Quantitative Spatial Science
The Quantitative Spatial Sciences group (QuSS) assesses a wide range of social, political, economic, demographic, health, and environmental research questions using innovative quantitative methods across statistics, spatial analysis, machine learning, and artificial intelligence.
The quantitative spatial sciences group (QuSS) in the School of Geographical Sciences is drawn together by a common interest in using theoretically-informed empirical analysis to examine problems in human and environmental geography. The group is loosely composed of approximately thirteen core staff spread across different career pathways and seniority levels, and many postdoctoral researchers and PhD students (as well as staff in other schools and alumni) who participate in QuSSevents and comprise the QuSS intellectual community in total. For academic staff, the group has six lecturer-level staff members (Day, Zhu, Zhang Shi, Timmerman, Collins), two senior lecturers (Robinson, Wang), two associate professors (Fox, Wolf) and three full professors (Harris, Manley, and Tranos), with staff members across research-only, teaching-only, and research-and-teaching tracks.

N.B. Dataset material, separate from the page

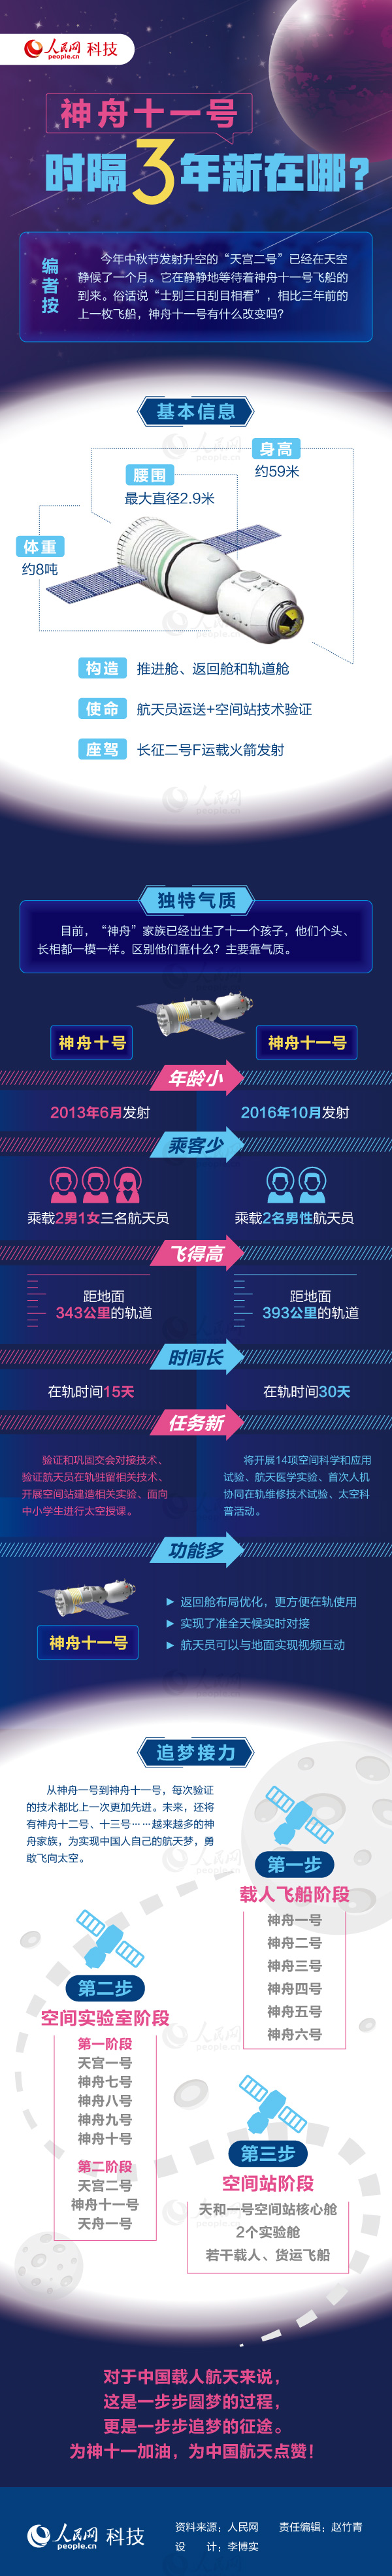 2017年广东公务员考试时政
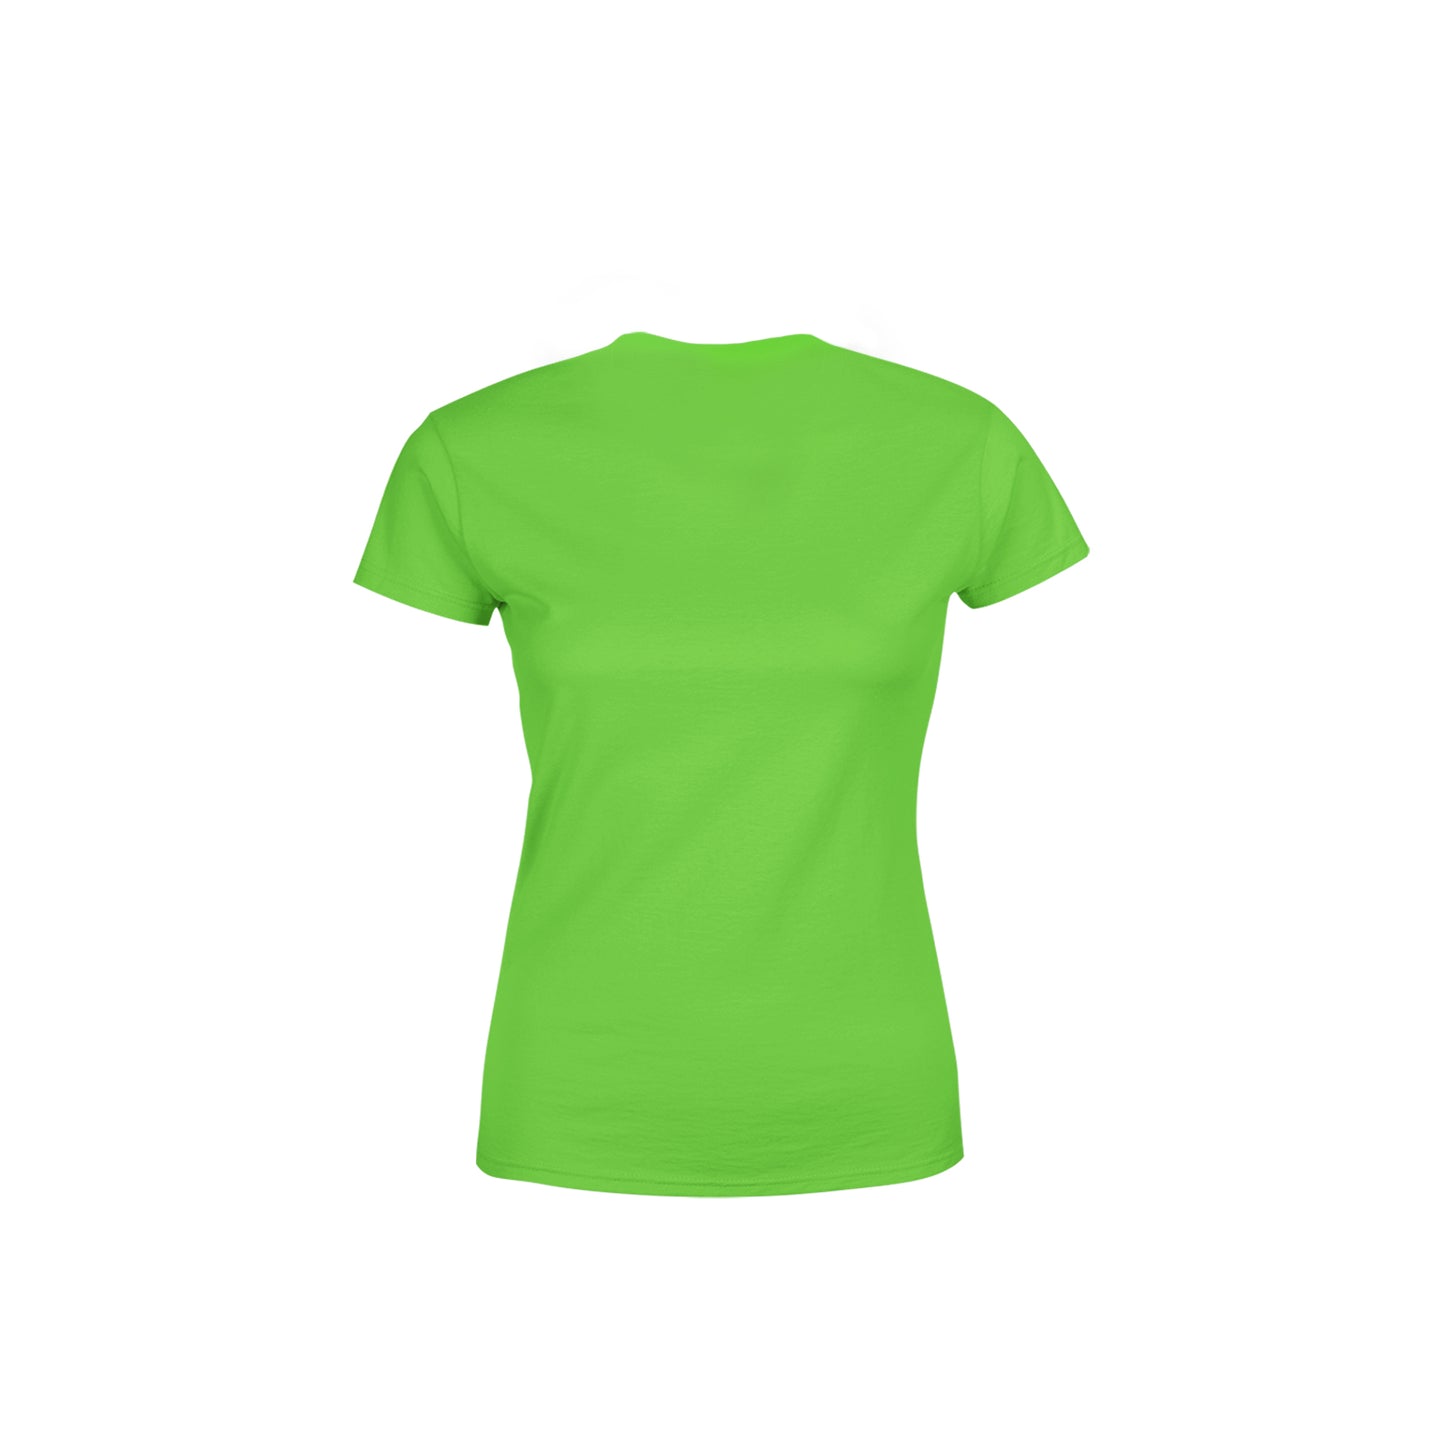 13 Number Women's T-Shirt (Liril Green)

For its research, the group is united by its interest in statistical, spatial analytical, AI, and machine learning approaches to understanding economic processes (Tranos, Fox, Wolf, Robinson, Zhu, Shi), social segregation (Robinson, Manley, Harris, Wolf), politics (Fox, Wolf), demography (Fox, Shi, Robinson, Wang, Manley, Harris), and energy (Robinson, Fox). The group holds weekly seminars and reading group sessions, as well as organizes the annual Johnston Memorial Lecture, in memoriam for former group member Ron Johnston. Members of the group also work with other research groups within the school on research in political economy, personal finance, and ecological modelling. Overall, the group is a center of excellence in spatial modelling and analysis for human and environmental systems.